Kali ini aku akan bercerita tentang teman masa keciku dahulu. Dia dan aku sangatlah akrab dan dekat, di samping rumah kami yang juga berdekaran ketika kami masih kecil dahulu. Tapi persahabatanku denagnnya tentulah lebih dekat lagi.

"20 tahun bukanlah waktu yang singkat." aku terus memikirkan hal ini dan air mata ini mulailah mengalir tanpa henti.

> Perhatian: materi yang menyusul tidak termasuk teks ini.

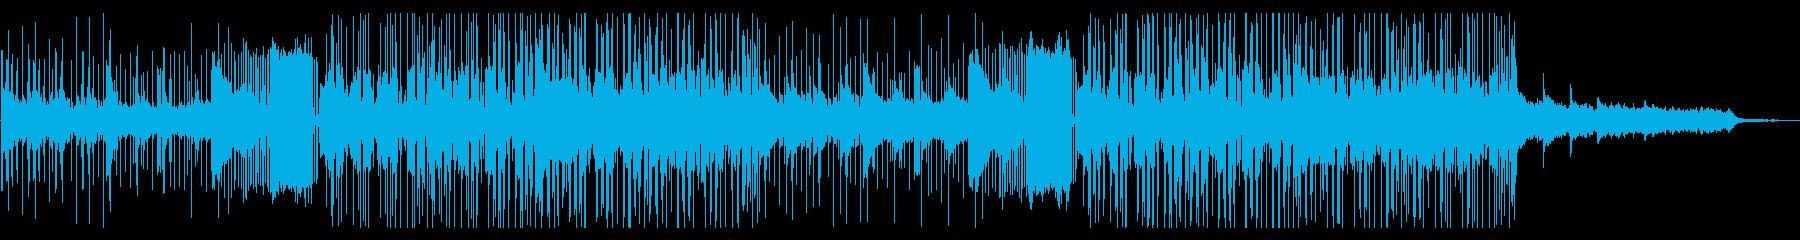 Kawaii Future Bassの再生済みの波形

Perlahan tanah itu pun mulai di jatuhkan, kini aku sudah tidak melihatmu lagi teman. Aku tidaklah bisa menahan tangisku dan menyembunyikan kesedihanku. Walaupun kelihatannya malu dah gedek kok nangis, tapi inilah kenyataanya. Mayat yang terbujur kaku yang sedang di kebumikan warga adalah jenazah temanku, yang sudah ku anggap saudaraku sendiri sejak saat dahulu. Orang-orang pun mulai memperhatikanku yang mulai menangis, walau aku tidaklah histeris seperti ibu-ibu yang kehilangan putra kesayangannya. Hanya saja aku, tidak bisa menahan air mata ini mengalir di pipiku.

"Siapa dia?" tanya uak temanku itu kepada kakak perempuannya ketika melihatku menagis dan tak henti-hentinya menyeka air mataku yang tumpah.
"Oh, itu temannya itu wak." jawab kakak Zainal.

Di saat itu aku hanya berfikir, inilah akhir dari persahabatanku dengannya. Padahal persahabatanku tidaklah berhenti begitu saja dengannya, aku masih bisa mendoakannya di setiap selesai sholatku. Maaf, aku tak bisa memberikan apa-apa lagi untuknya melainkan hanya doaku saja.

"20 tahun bukanlah waktu yang singkat." ucapanku ini masih terngiang-ngiang di telingaku.

Sekitar 20 tahun yang lalu aku masihlah bocah balita yang hobinya main tanah di bawah kolong rumahku. Maklumlah, dahulu rumah kami adalah rumah panggung yang terbuat dari papan. Temanku itu namanya Zainal, Zainal Abidin. Dia adalah teman pertamaku saat itu, dan kami masih sama-sama balita. Keluarga kami cukuplah akrab, bagi ibuku Zainal, kakak-kakak dan adiknya bukanlah orang lain lagi. Bagi ibu, mereka sudah seperti anak sendiri bagi ibu. Rumah Zainal terletak di belakang rumahku pada saat itu, dan kami selalu bermain bersama. Mereka sering di tinggal oleh orang tua mereka, karena ibu dan ayah mereka pergi bekerja. Sedangkan ibuku selalu berada di ruamah sebagai ibu rumah tangga yang baik, yang selalu bersama dan menjaga anak-anaknya yang sedang bermain di halaman rumahnya sambil memasak di dapur. Itu juga yang membuat kami dekat dengan keluarga temanku ini, karena Zainal dan kakak-kakaknya sering di tinggalkan orang tuanya, maka mereka sering main ke rumahku.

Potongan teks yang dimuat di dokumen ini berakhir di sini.